Mutations de la SHD11B2 causant un AME léger de type 2. (A) P227 forme un coude dans la boucle et contribue à positionner correctement Y226 pour interagir de manière optimale avec le substrat. Une augmentation de la flexibilité de la boucle dans la mutation P227L entraîne un mauvais alignement de Y226. (B) La liaison hydrogène entre R279 et N171 est l’une des nombreuses liaisons qui maintiennent les feuillets β4 et β6 ensemble. Elle oriente également la chaîne latérale de N171 pour interagir avec le NAD+. La mutation en cystéine entraîne la perte de ces interactions. (C) Les interactions R359-I350 maintiennent l’hélice-tourne-hélice. La mutation R359W introduit une flexibilité dans la région.

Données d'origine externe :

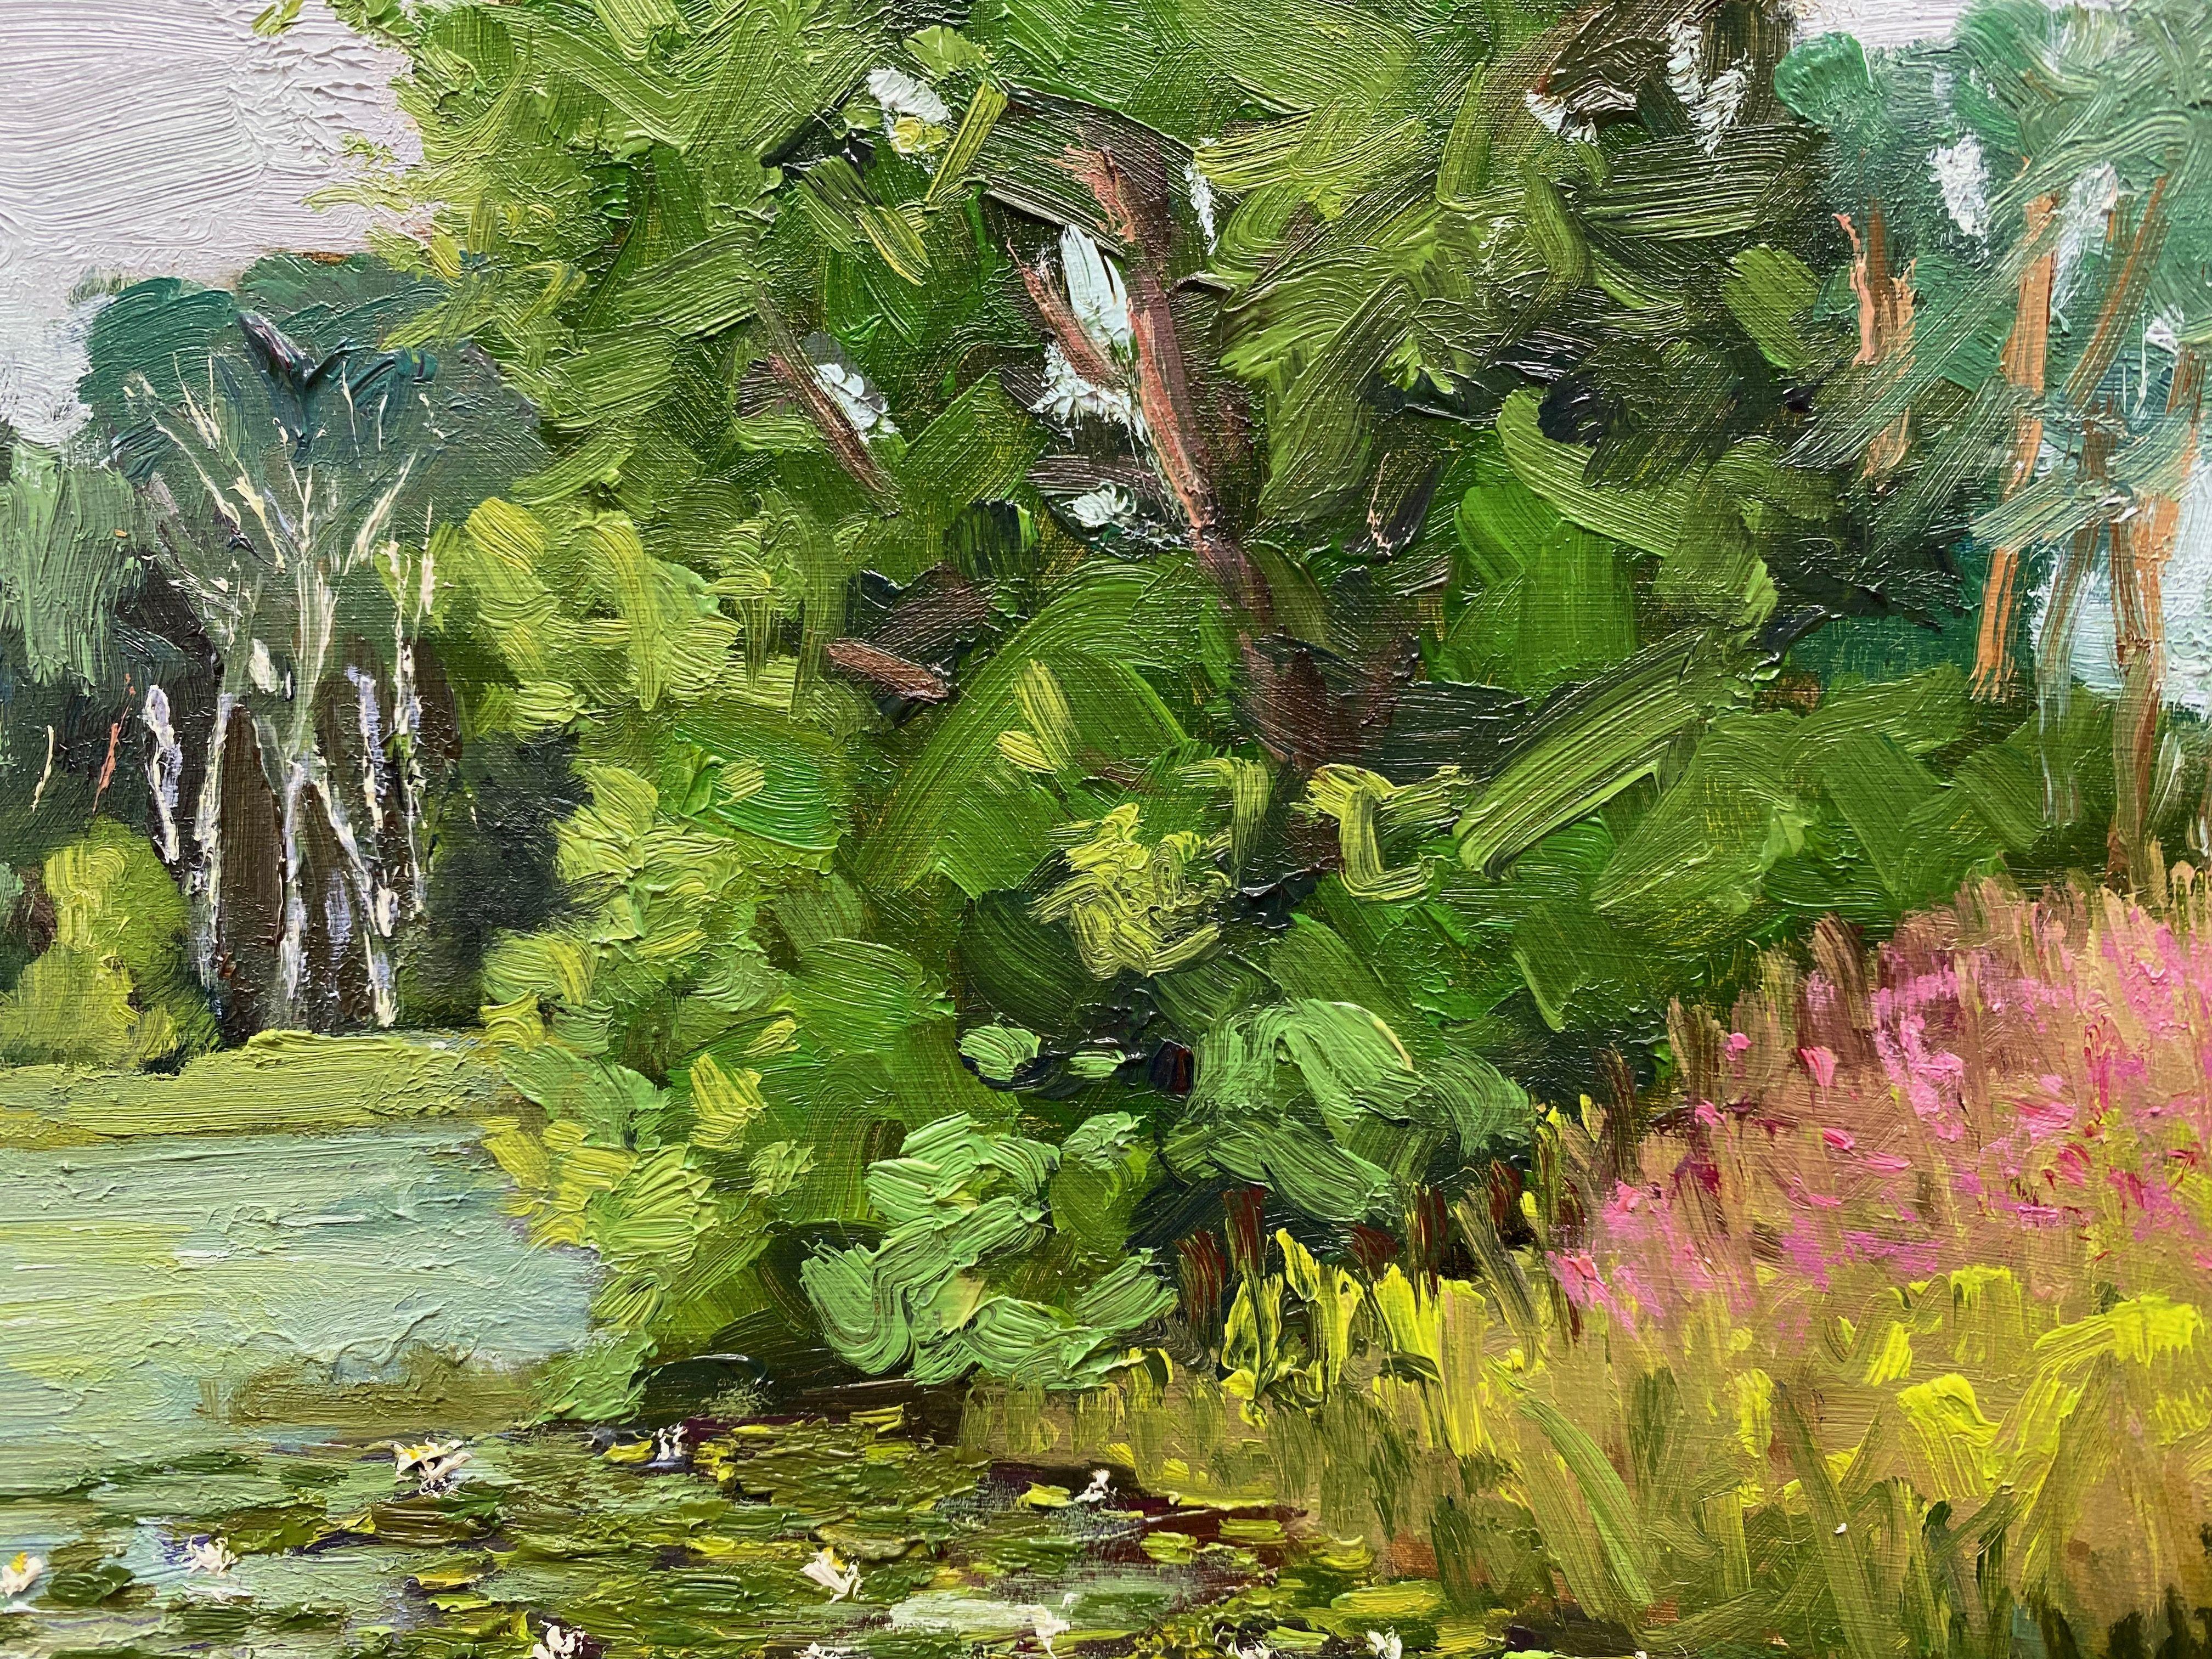 Plein air Painting painted at a small Lake near my home Town in Germany.   The Schnakenpohl an ice age Lake with endemic Fauna und Flora. :: Painting :: Impressionist :: This piece comes with an official certificate of authenticity signed by the

Deux mutations non conservatrices censées perturber la structure tertiaire de HSD11B2 ont été identifiées chez des patients atteints d’AME de type 2. R279 forme une liaison hydrogène avec le squelette de N171, ce qui contribue à maintenir et à stabiliser l’environnement local de la protéine (Fig. 5B). Le remplacement de R279 par un résidu qui ne forme pas de liaison hydrogène, comme dans la mutation R279C, entraîne une légère atténuation, mais pas une élimination totale de l’activité HSD11B2 (24), ce qui correspond à un phénotype clinique léger (Fig. 5B). Une autre mutation non conservatrice, R359W, modifie les propriétés de la chaîne latérale de chargée à hydrophobe. Cela modifie l’interaction locale dans la structure de la protéine, dans laquelle la chaîne latérale chargée positivement de R359 forme une liaison hydrogène avec l’oxygène carbonyle du squelette de I350 (Fig. 5C). La perte de cette interaction contribue à l’amélioration de la flexibilité structurelle, entraînant une atténuation de l’activité enzymatique. Il faut noter que les deux R279C et R359W provoquent une perturbation minimale des interactions intramoléculaires et se produisent près de la surface de la protéine.